What to do: Leaving out the images, please reproduce each line below exactly.

Data excerpt:
************

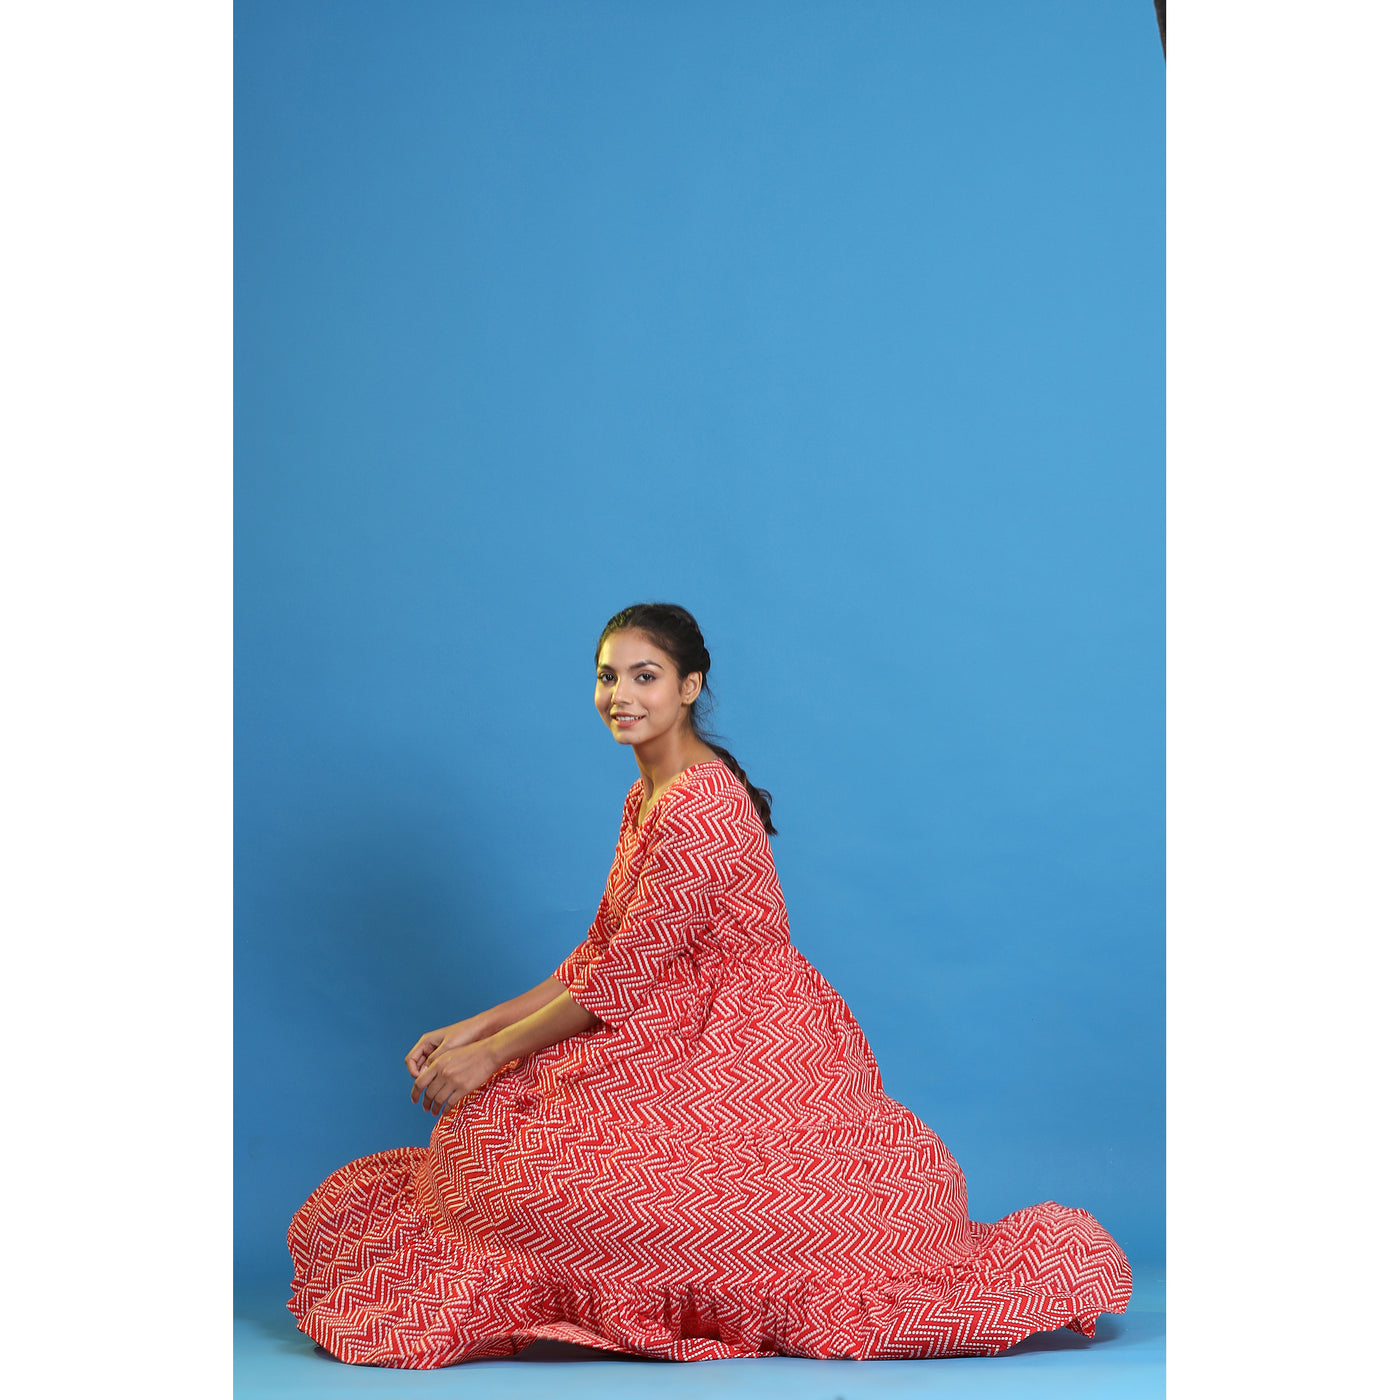 Patterned Bhandej on Red Feeding Maternity Midi Dress
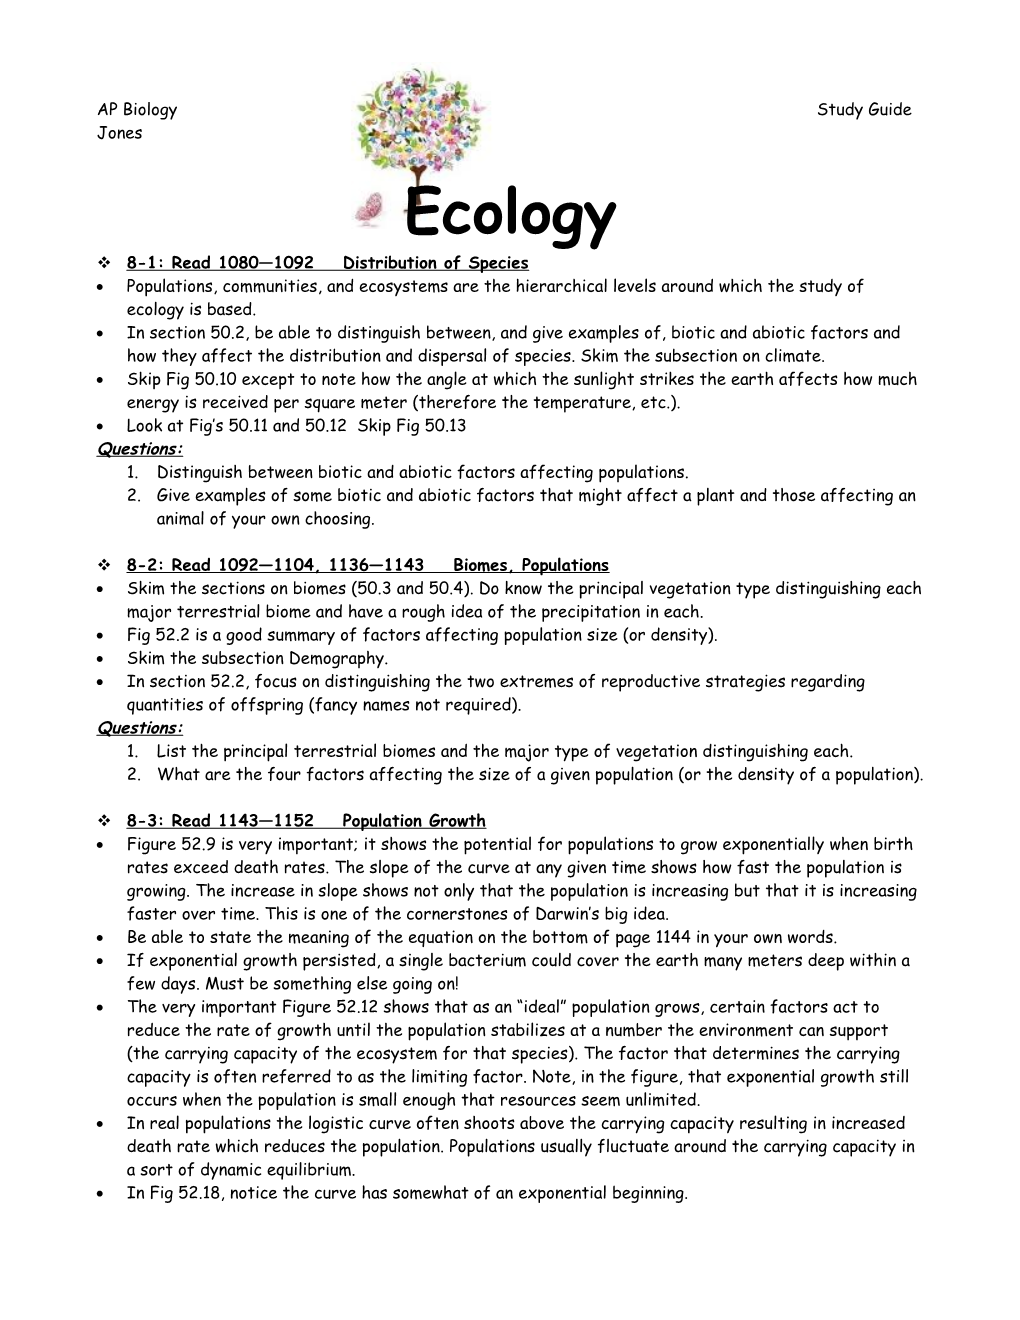 AP Biology Study Guide s1
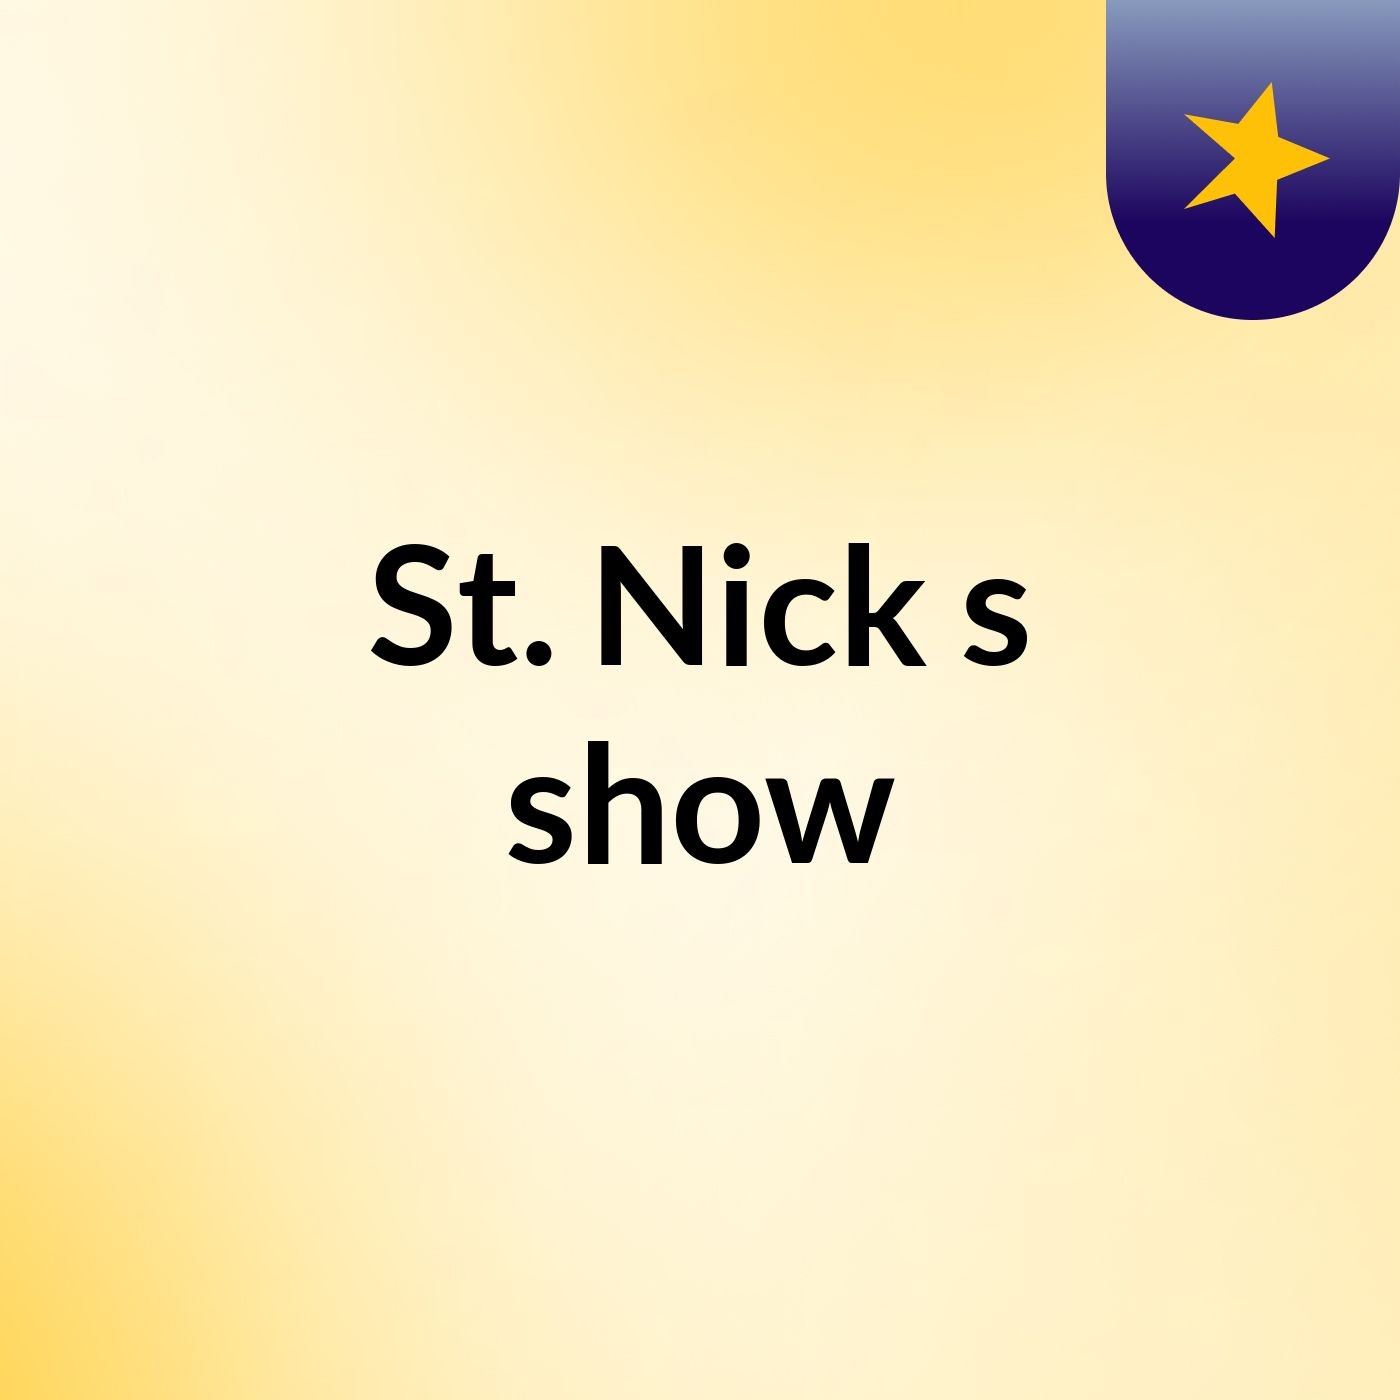 St. Nick's show
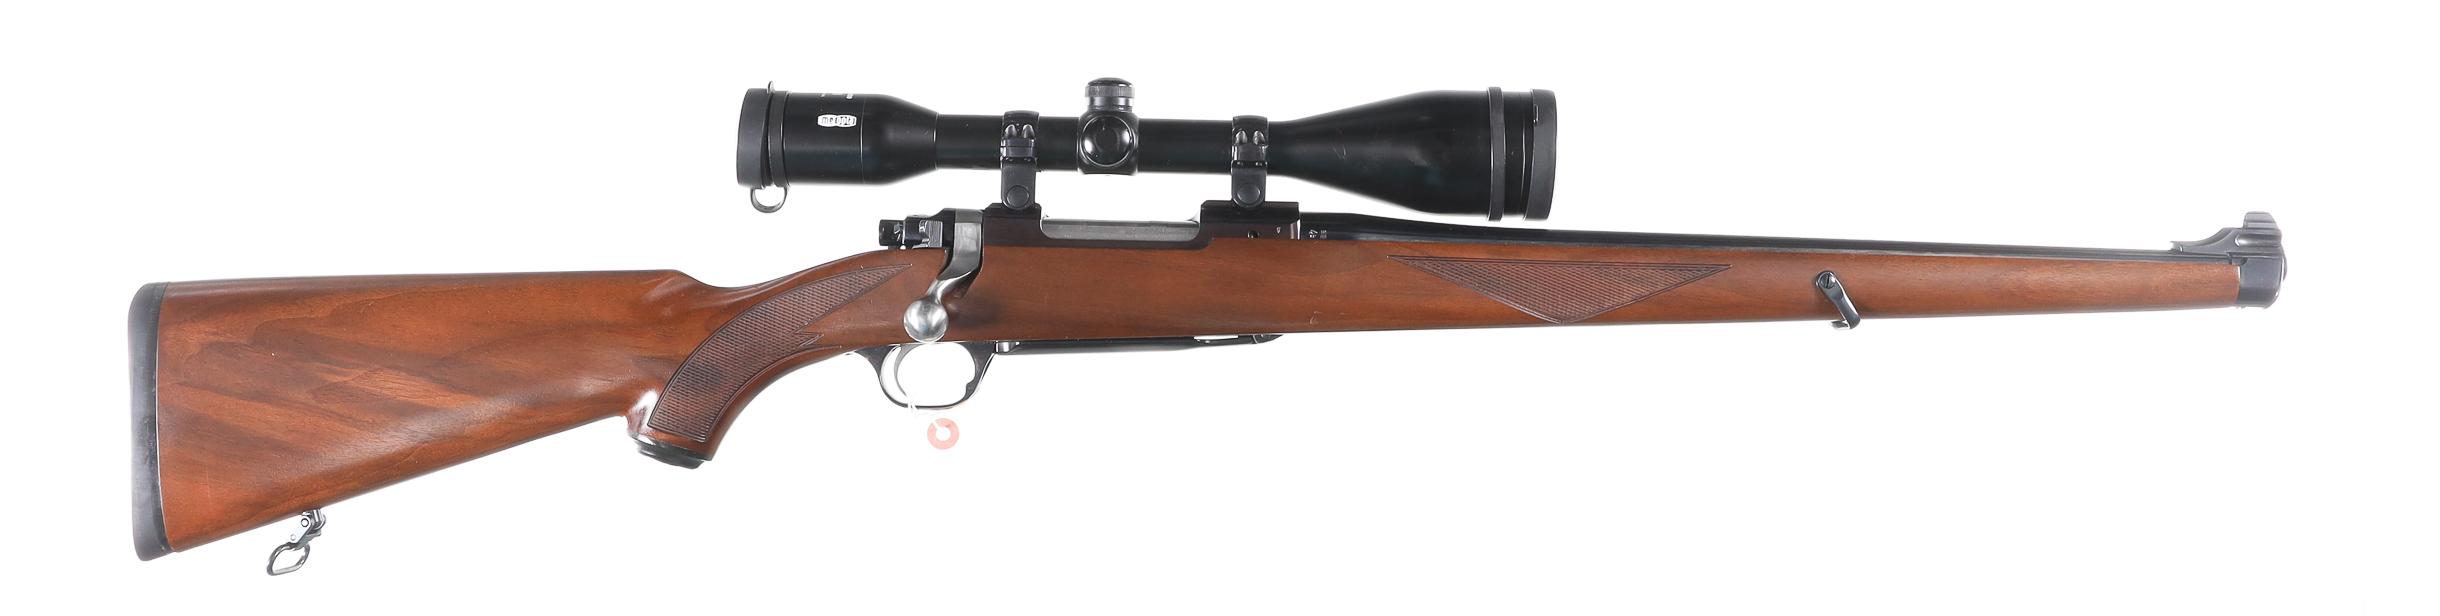 Ruger M77  MARKII RSI Bolt Rifle .308 win

************

Answer space:
 Patterned Bhandej on Red Feeding Maternity Midi Dress
 AP Biology Study Guide s1
 St. Nick's show
 Ruger M77  MARKII RSI Bolt Rifle .308 win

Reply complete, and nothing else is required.